§ **PROBLEM REQUIREMENTS**
Looking at the listing below, retype exactly the lines starting at the one containing "Hyundai-Air-Conditioning-10" and ending at the one containing "GOTS認証済、肌にやさしく", both included, and nothing else.

START DATA

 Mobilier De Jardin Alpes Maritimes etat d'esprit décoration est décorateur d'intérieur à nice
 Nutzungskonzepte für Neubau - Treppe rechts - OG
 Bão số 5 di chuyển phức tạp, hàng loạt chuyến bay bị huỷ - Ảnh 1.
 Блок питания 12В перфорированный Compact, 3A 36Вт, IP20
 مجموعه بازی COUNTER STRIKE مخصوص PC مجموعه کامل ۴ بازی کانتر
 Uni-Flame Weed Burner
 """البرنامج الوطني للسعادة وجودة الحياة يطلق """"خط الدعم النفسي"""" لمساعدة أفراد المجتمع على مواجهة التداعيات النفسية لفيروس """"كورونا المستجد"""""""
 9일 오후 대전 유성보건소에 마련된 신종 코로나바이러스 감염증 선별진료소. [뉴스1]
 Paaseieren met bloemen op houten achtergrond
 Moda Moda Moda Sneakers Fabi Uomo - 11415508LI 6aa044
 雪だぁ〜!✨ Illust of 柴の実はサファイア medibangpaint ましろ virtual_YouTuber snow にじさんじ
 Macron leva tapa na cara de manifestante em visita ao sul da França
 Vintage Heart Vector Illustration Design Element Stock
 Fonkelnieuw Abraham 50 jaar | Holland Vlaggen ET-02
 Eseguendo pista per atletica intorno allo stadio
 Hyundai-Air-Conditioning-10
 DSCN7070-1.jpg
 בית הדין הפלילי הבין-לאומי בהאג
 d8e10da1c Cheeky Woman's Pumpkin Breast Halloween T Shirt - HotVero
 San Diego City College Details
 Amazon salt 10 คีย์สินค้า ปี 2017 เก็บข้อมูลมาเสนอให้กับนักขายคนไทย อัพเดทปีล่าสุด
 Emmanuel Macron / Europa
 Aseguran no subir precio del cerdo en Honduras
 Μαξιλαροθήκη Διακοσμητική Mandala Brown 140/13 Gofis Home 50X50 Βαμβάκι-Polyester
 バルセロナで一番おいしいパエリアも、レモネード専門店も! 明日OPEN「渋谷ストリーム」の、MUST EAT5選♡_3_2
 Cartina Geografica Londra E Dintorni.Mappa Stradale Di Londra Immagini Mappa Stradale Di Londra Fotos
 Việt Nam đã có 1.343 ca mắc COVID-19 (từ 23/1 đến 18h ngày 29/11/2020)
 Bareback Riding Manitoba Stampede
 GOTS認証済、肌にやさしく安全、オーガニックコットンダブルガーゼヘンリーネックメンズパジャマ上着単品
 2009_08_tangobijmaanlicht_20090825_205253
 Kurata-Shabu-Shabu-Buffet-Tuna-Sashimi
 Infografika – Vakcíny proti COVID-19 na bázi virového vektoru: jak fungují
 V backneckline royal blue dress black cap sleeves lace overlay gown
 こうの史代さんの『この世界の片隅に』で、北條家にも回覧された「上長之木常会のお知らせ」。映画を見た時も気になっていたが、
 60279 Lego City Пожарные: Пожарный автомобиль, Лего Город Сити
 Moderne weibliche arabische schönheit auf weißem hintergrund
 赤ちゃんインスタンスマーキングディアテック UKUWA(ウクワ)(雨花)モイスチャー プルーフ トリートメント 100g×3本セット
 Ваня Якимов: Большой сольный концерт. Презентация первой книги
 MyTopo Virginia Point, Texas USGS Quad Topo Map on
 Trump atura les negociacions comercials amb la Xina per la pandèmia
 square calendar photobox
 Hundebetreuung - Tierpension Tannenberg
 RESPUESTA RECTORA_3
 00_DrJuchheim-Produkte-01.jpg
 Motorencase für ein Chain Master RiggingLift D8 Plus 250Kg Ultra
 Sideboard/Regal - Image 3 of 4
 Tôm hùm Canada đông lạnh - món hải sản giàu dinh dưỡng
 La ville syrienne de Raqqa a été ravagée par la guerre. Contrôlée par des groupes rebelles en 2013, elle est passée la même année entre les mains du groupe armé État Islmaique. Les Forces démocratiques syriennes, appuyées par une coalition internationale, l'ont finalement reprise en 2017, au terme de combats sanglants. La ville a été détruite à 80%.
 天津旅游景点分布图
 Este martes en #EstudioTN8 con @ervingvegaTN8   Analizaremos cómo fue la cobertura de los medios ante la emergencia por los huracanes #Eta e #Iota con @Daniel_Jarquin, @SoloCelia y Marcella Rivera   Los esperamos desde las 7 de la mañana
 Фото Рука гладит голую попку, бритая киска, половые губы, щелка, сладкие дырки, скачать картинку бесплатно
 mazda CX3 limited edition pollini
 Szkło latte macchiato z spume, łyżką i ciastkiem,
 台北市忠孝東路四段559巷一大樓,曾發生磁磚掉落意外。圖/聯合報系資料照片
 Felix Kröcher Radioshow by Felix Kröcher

END DATA

§ **RESULT OF THE TASK**
 Hyundai-Air-Conditioning-10
 DSCN7070-1.jpg
 בית הדין הפלילי הבין-לאומי בהאג
 d8e10da1c Cheeky Woman's Pumpkin Breast Halloween T Shirt - HotVero
 San Diego City College Details
 Amazon salt 10 คีย์สินค้า ปี 2017 เก็บข้อมูลมาเสนอให้กับนักขายคนไทย อัพเดทปีล่าสุด
 Emmanuel Macron / Europa
 Aseguran no subir precio del cerdo en Honduras
 Μαξιλαροθήκη Διακοσμητική Mandala Brown 140/13 Gofis Home 50X50 Βαμβάκι-Polyester
 バルセロナで一番おいしいパエリアも、レモネード専門店も! 明日OPEN「渋谷ストリーム」の、MUST EAT5選♡_3_2
 Cartina Geografica Londra E Dintorni.Mappa Stradale Di Londra Immagini Mappa Stradale Di Londra Fotos
 Việt Nam đã có 1.343 ca mắc COVID-19 (từ 23/1 đến 18h ngày 29/11/2020)
 Bareback Riding Manitoba Stampede
 GOTS認証済、肌にやさしく安全、オーガニックコットンダブルガーゼヘンリーネックメンズパジャマ上着単品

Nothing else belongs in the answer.